It's ridiculous to just kill a fish if you're not going to eat it or use it for bait! I've caught a few bowfin and even took one home to eat that had swallowed the hook. As far as taste goes, I thought it was awful. The one I ate was caught in the summer. My view on food is waste not, want not. That includes food that's still swimming, running, or flying. !%


----------



## Whiskerhunter (Sep 24, 2009)

Killing fish because they eat other fish is stupid. The largest predator of Largemouth Bass is... other Largemouth Bass... does that mean we should kill all the largies we catch because they eat young bass? Invasive species like snakeheads are a different matter, but bowfins aren't invasive, they are native. Ignorant morons like this make me support a "fishing training program" prior to getting your fishing license. 

People who kill sheephead just because they bit a hook while fishing for walleye are just as bad. Sure, it is disappointing and a little annoying to bring one in and take it off the hook when you are after the eyes, but the sheepies have a job to do, especially now, as one of their primary foods is zebra mussels. If the fish is native, put the damn thing back if you aren't gonna eat it, mount it, or use it for bait.


----------



## xKandymaNx (May 2, 2010)

This individual was in fact very stupid in my opinion. I saw him catch a 7 lb bowfin and kill it, all after putting up a really good fight for a few minutes! The idea was brought up that in a couple years the fish could have been a new state record fish, so why kill it? I believe the record is around 11-12 lbs but could be wrong.


----------



## Lawman60 (May 17, 2010)

bigraysr said:


> I have heard of other guys keeping them when caught in cold water. They say they are very good eating. Out in Minnasota they have big town tourneys for them. Ice houses everywhere and everybody trying to catch them. In minnasota they call them eelpout. and the are verygood eating from cold water. I saw a guy in mogador with one and it was around 4lbs.They are different but all fish are different from others BIGRAYSR


I think you may have confused bowfin with burbot Bigray. 
I've had quite a few encounters with bowfin (dog fish,) but the ones I've caught have been in Florida waters. They are often killed by bass fishermen in Florida, and I assume other states as well. It's very common to find them in the same areas as the bass, and they can be quite an expense for the fellows that fish with wild shinners. I've seen large wild shiners sell for as much a $3 each and can understand, but strongly disagree, with fishermen who kill them just because they have a taste for their bait. Burbot are actually a good eating, or so I've been told, game fish. Personally, I think bowfin are kind of cool looking. They are not invasive nor are they a foreign species like gobies, snake heads, flying carp and zebra mussels. 
I remember bass fishing in Florida and catching my first bowfin. I learned the hard way that they are not a fish that you can lip! They have a mouth packed with very sharp teeth. For me, they are a rare catch in the Ohio waters I fish. I say live and let live.


----------



## The Zodiac (Apr 10, 2010)

bdawg said:


> ... My view on food is waste not, want not. That includes food that's still swimming, running, or flying. !%


Exactly. We may see a day where our nutritional sustenance can only be acquired by "living off the land", which certainly includes our waters. If we are faced with such a scenario, choosing to eat only plants & animals that we think taste good will become a luxury that we just cannot afford. So just because it tastes like s*** now, we just may depend upon it in the future.

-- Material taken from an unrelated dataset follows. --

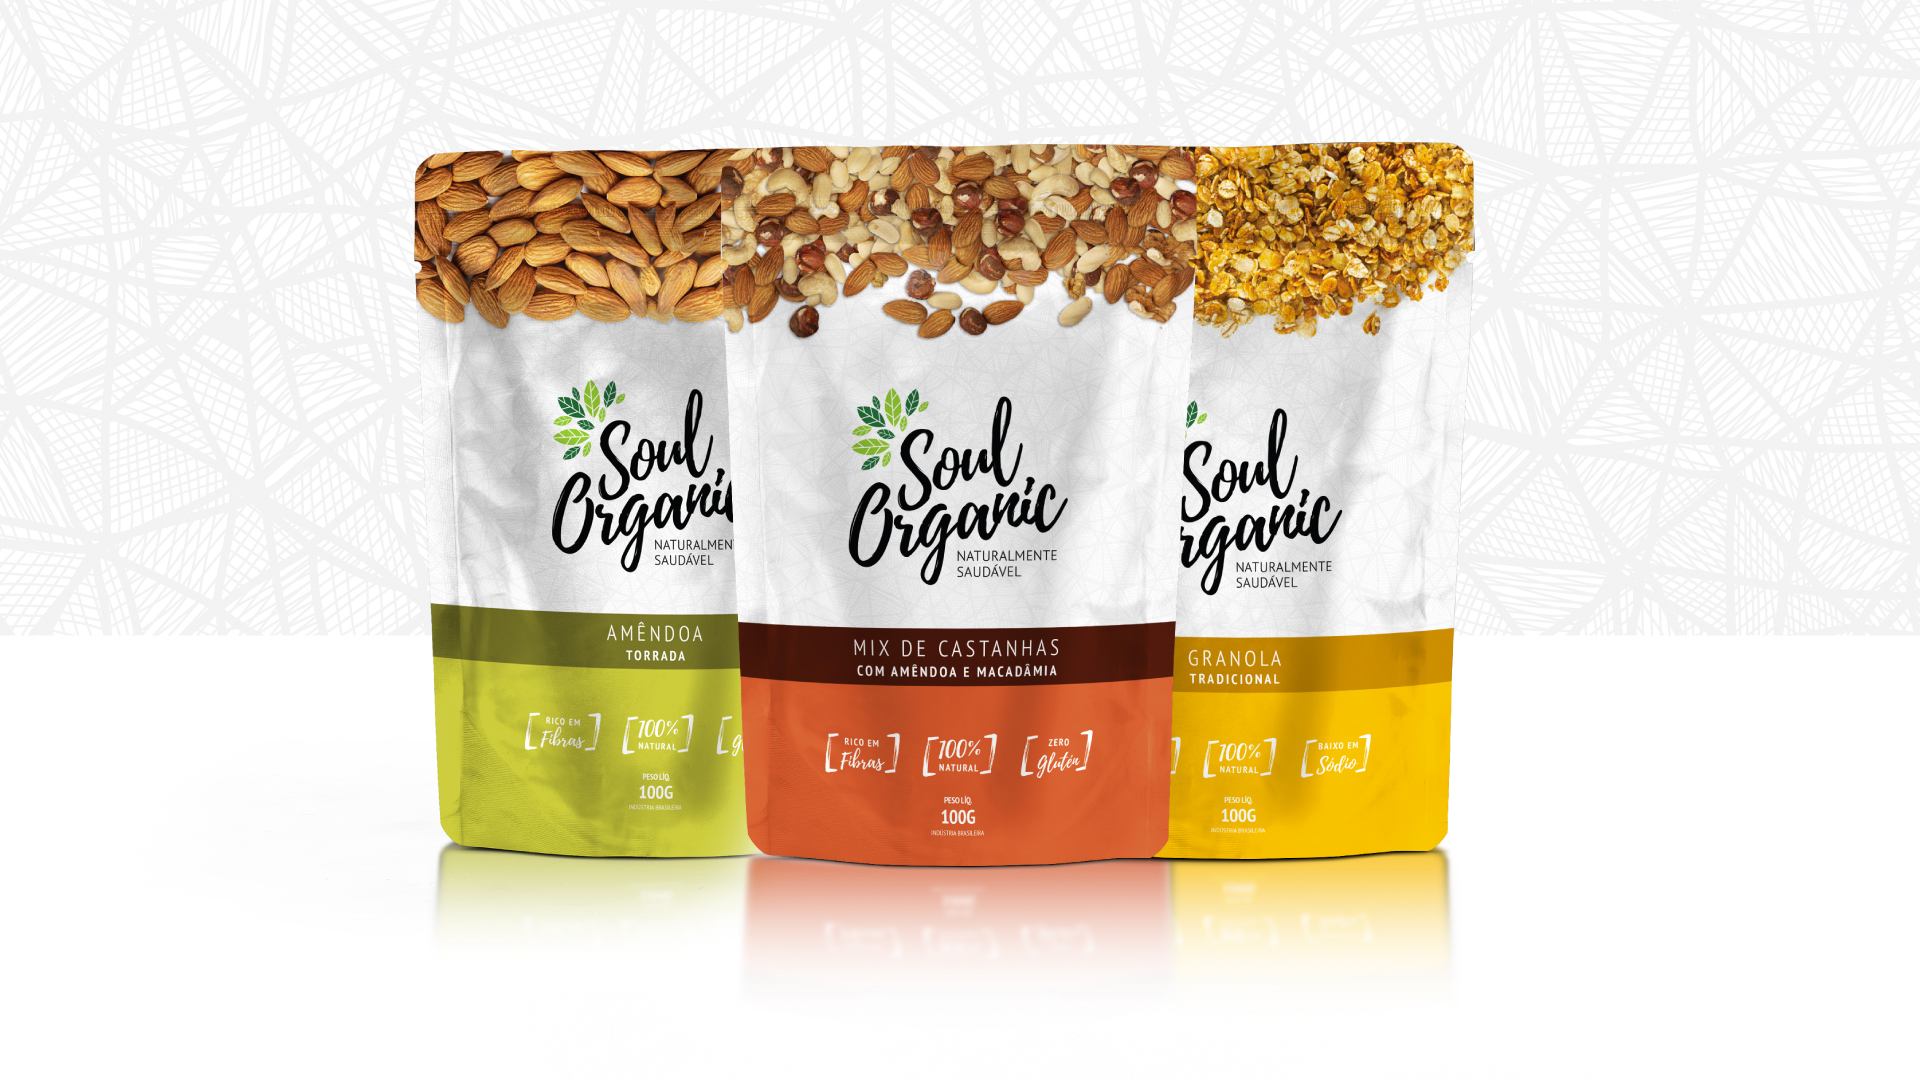 Soul Organic Packaging Design
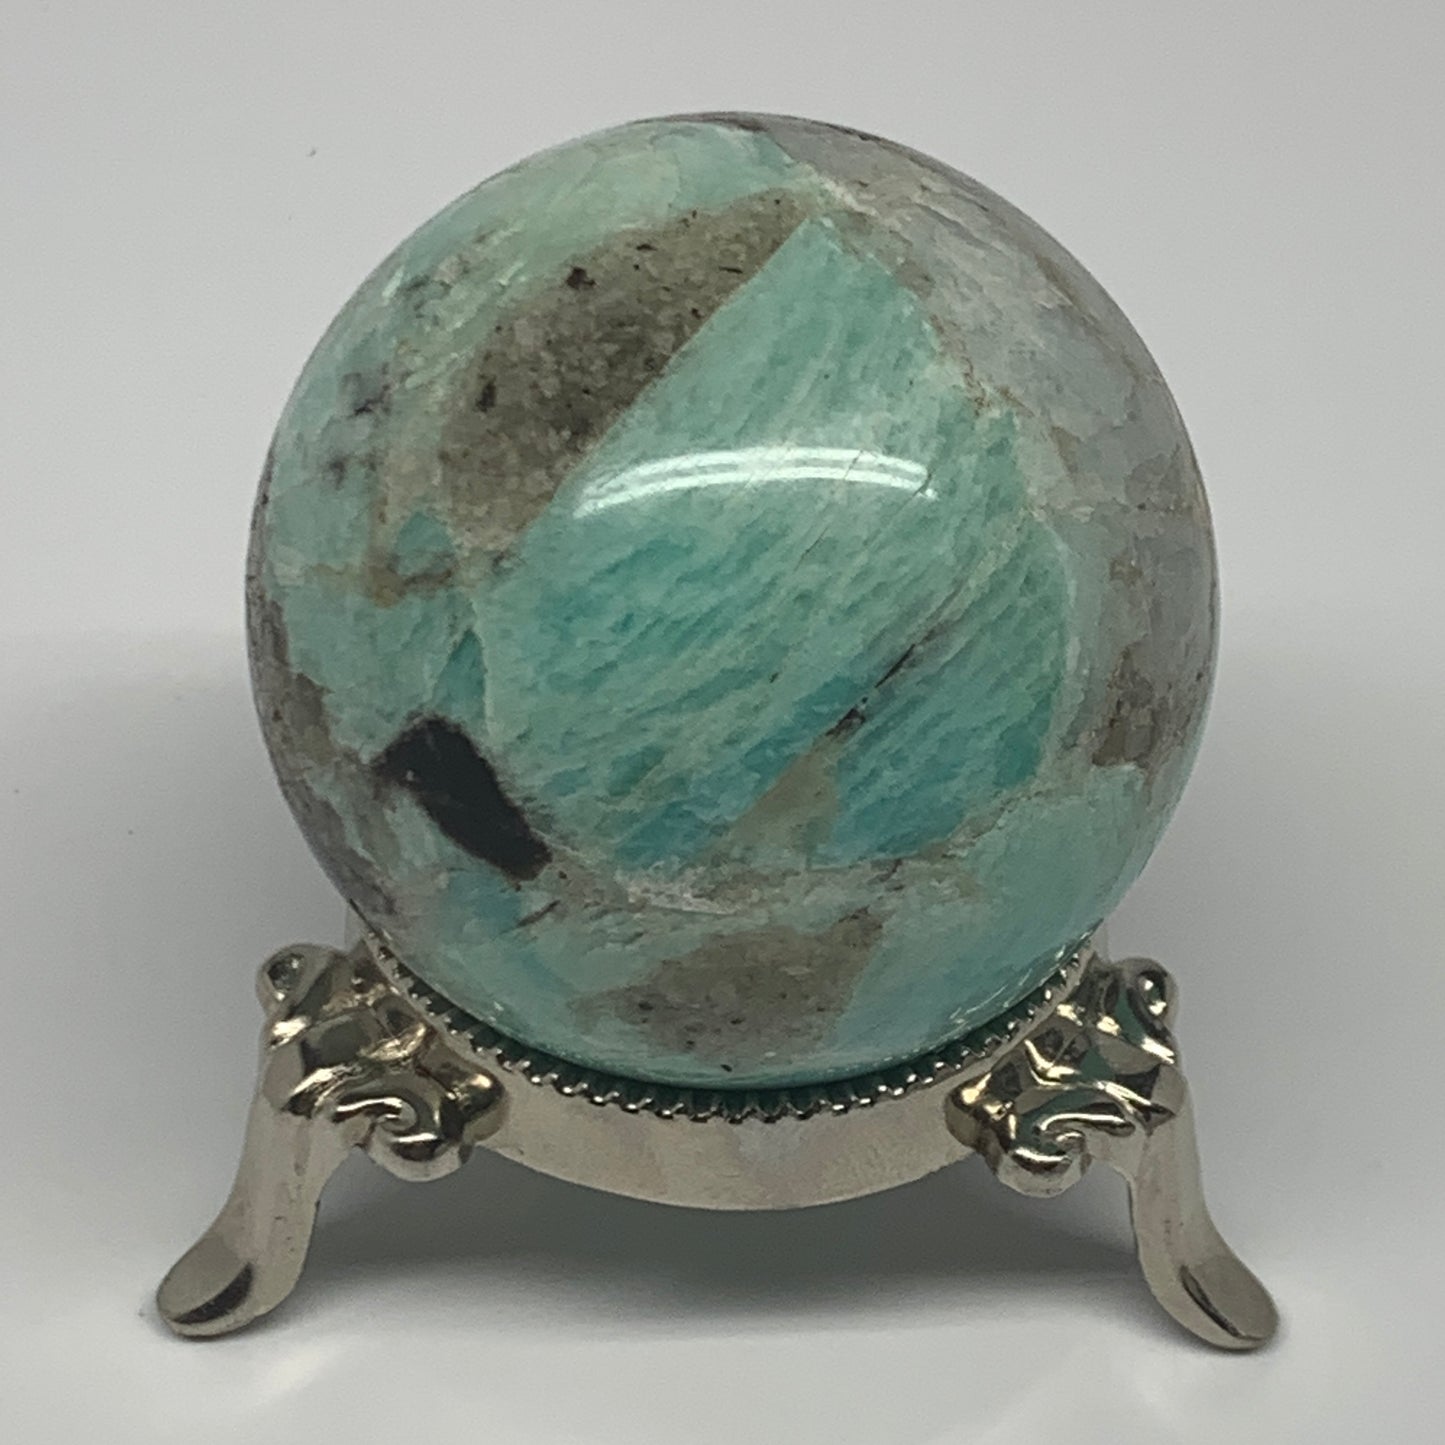 217.3g, 2.1" (54mm), Amazonite Sphere Ball Gemstone from Madagascar, B15782

Like BDawg said, "Waste Not....Want Not"


----------



## five3echo (Apr 28, 2008)

One year in Canada the regulation booklet recommended us not to release alive. I was told they are worse than any other fish in regards to eating walleye eggs. We still released alive.


----------



## mitch2106 (May 2, 2010)

good im glad others are against killing the bowfin also, i think there fun to catch but i like to fish for any kinda different species of fish with size to them. just hate seeing a pile of dead fish on the shore one was still alive when i got there outta the 5 or 6 of them laying there and i threw him back in and watched him swim away  i just think if your gonna kill a fish you need to be eating it or atleast using it for bait.


----------



## mike003 (Sep 8, 2007)

Burbot, aka Ling, Lawyers, Eelpout, are a freshwater Cod. Firm white flesh. They resemble Bowfin enough that people can confuse the two. Bowfin fight hard, grow big, jump high, and have big teeth. Sounds like a great gamefish to me. The only one I've caught was 29 inches long, on 4 lb. line. One of the best fights I've ever had.


----------



## SMBHooker (Jan 3, 2008)

Bowfin, Burbot Bigray, or Dogfish are all new names to me. I've never seen one or heard of any of these fish before reading this post. 

I have however, heard of snakeheads. Not sure if I caught one of these native fish that I would be able to tell the difference between one of them and the snakehead. 

Maybe this guy was confused between the invasive snakehead characteristics and the harmless native fish

But, as for me that's what i like about these forums: all the shared information. Learn something knew every time i log on.

I wouldn't mind catching one myself, they look cool as heck to me.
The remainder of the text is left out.